This presence of the dead is also what founds −but in a negative way, i.e. while avoiding naming them− the Miraña sphere of extension. Many “stories” − myths − cannot be told locally without remuneration of the evoked spirit, for he is on the lookout and presents himself to the narrator either in dream or memory and claims his part of coca powder, food and drink. If the name of a recently deceased person is evoked, his ghost can claim a person of the narrator’s family in order to feel less lonely; the death of a person who comes from the same family of a recently deceased person is interpreted in this manner by the Miraña (Karadimas 1999).

On the other hand, Miraña informants have often taken the initiative to tell me certain myths or life histories of deceased persons if they were far from their territory, far from where the spirits could hear them and where the ghost cannot present himself/herself to the narrator. Deaths − or at the very least their ghosts, which is not precisely the same as the corpse − are thus present and related to a given territory, i.e. the place of the death is also the birth and life place of the ghost. But their presence is doomed to remain absent from personal and social memory. As long as this place is kept in memory and associated by the succeeding generations with a particular person who departed thence, one will avoid referring too much to this place, and, more particularly to residing on it. The remuneration in coca powder and tobacco to the ghost could never calm his hunger. In this way, we see the absence of what could form the basis of a fatherland in the Amerindian manner (see also Taylor 1993: 675 for the Jivaroan case and lack of historicity and deaths).

Mythologized territory vs historical territory

There is no fatherland in the sense that personal identity is not related to the identification of the person with an institution that includes the territory as a marker of identity. On the other hand, the territory carries the marks of mythological permanence. One example is the Araracuara rapids, a place named according to the mythology, like the Caquetá, “Tapir River” or the Cahuinari, which is the primordial tree that linked the earth with the sky and had to be felled to create time, etc. By this fact, the Miraña territory is a space in which the knowledge and the tradition of an impersonal memory fit more than factual and historical action.

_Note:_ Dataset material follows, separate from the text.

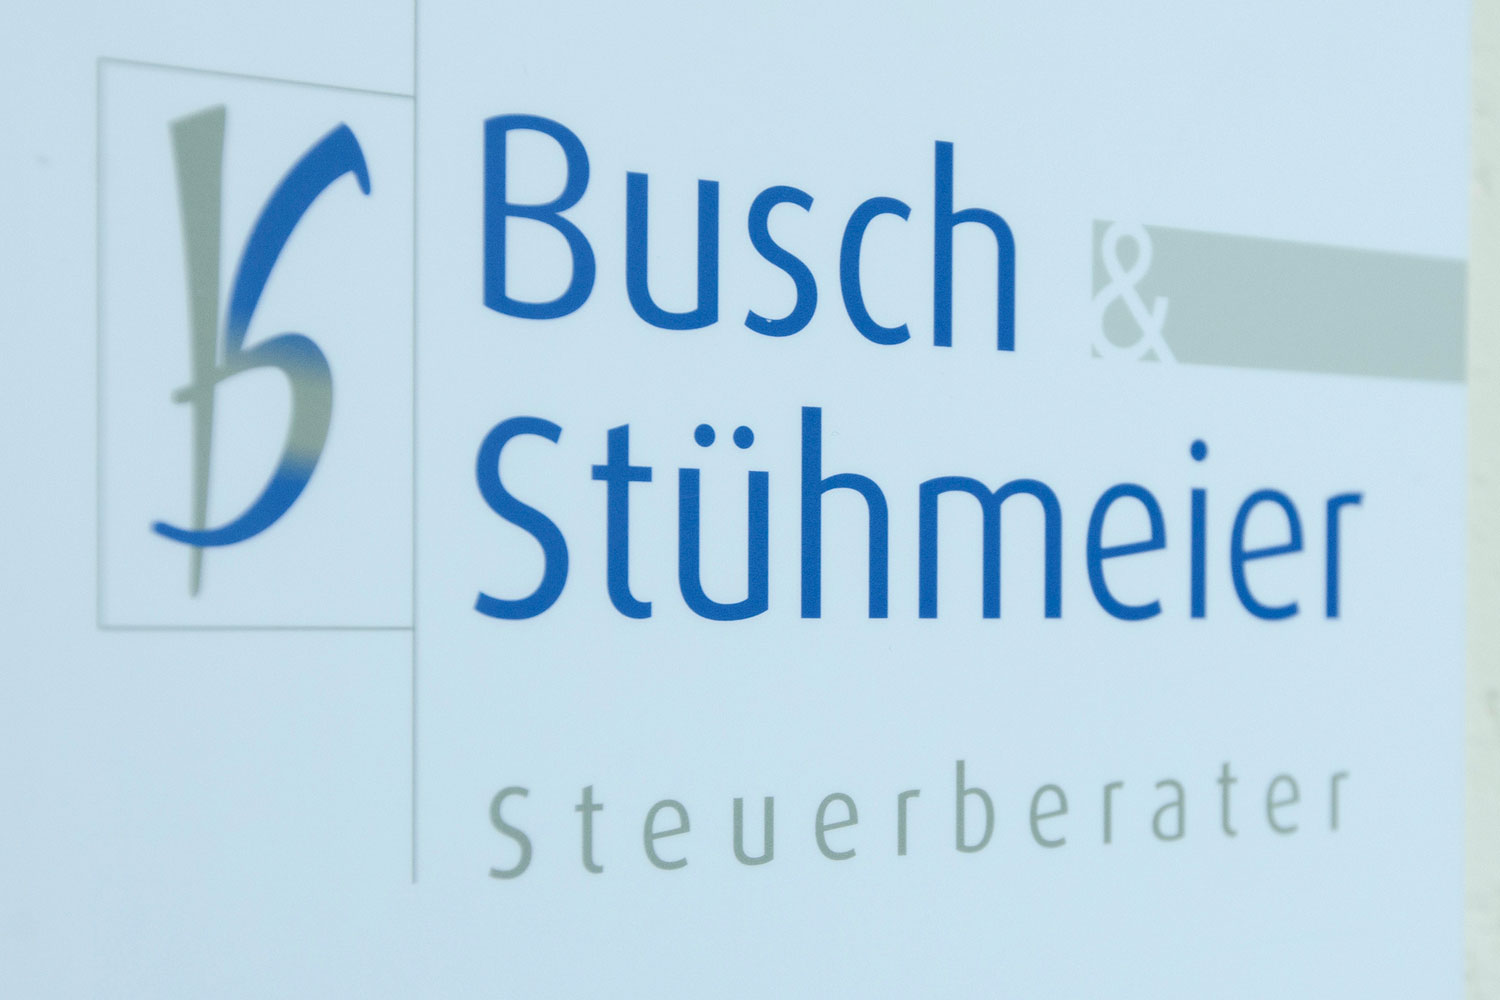 Busch & Stühmeier in Bad Oeynhausen

This point of view must, however, be moderate; insofar as the east, for example, became, as we have already seen, since the historical period of contact with the world of the Whites, a place from which goods and diseases come, and towards which the slaves set out again. In the face of the intrusion of a new population in the area, the Miraña people gave them a particular place by referring to them as a “Trade-God”, i.e. by passing them into the permanence of the myth, historically linking it to the river mouth, raising and revival. In this sense, and according to a mythologized reading of the territory, it became altogether normal that Whites, previously anthropophagous because thirsty for slaves − for the Miraña, the real end of the war prisoner was during the cannibal ritual − came from the East, the raising territory, i.e. the territory of the sun; an anthropophagous entity that nourishes itself on the vitality of humans.

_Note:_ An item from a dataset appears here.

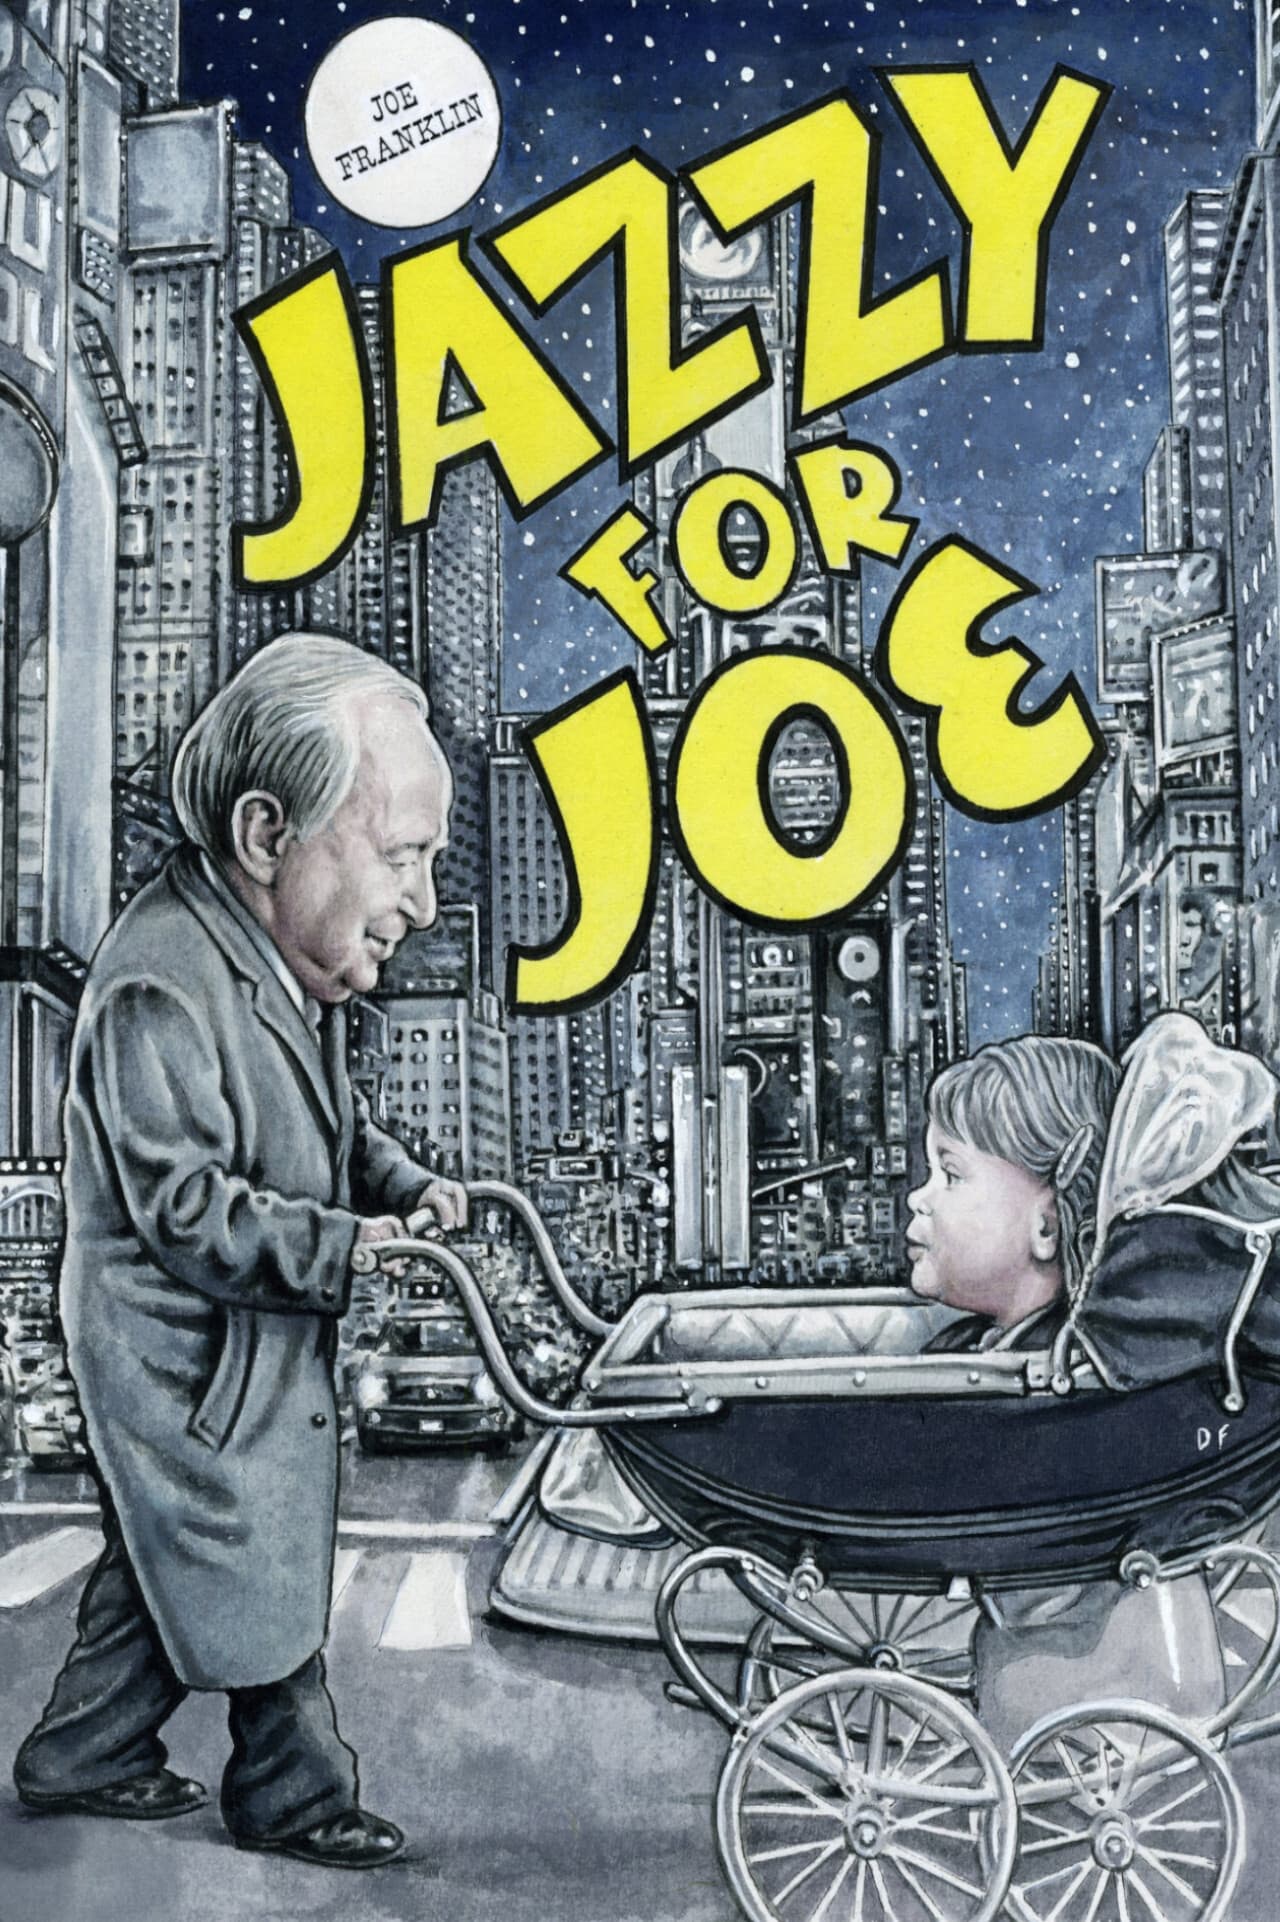 Jazzy for Joe

This mythological reading of the territory also allows the Miraña − which I also think applies to the other groups of the area − to be in a double relation with the surrounding toponymy: the timelessness and the permanence of an impersonal link to the territory detach them from the interpersonal questionings which the temporality of the colonists, as well as a “hispanization” of local toponyms, introduces (current Mariapolis on the Caquetá, for example, was in the recent past called in Spanish Maria Manteca “Fat (grease) Maria”, itself a Spanish phonetic approximation of the miraña Márìímutúhkè: “Shaft of the birds’ down”).

Tying knots to bound Territory

If we continue this mythologized reading of the territory, it appears that certain places are more important than others because a particular mythological action has been held there. Those that generally grab the attention are the topographic accidents: the falls, rapids, rock exposure, permanently flooded zones, lakes, swirls, particular tree concentrations, sources and mouths are systematically indexed and memorized. My principal informant, for example, though blind, knows more than one hundred named places only for the neighbourhoods of the locality of Pt. Remanso del Tigre. There are ten times more for the Caquetá or “Tapir River” and as many for all of the Cahuinari, the Pama, etc. The mode of memorizing is double: it makes conjoined lists of toponyms that follow an upstream/downstream succession and/or conversely for the rivers or in a successive link for toponyms that are within a terrestrial path.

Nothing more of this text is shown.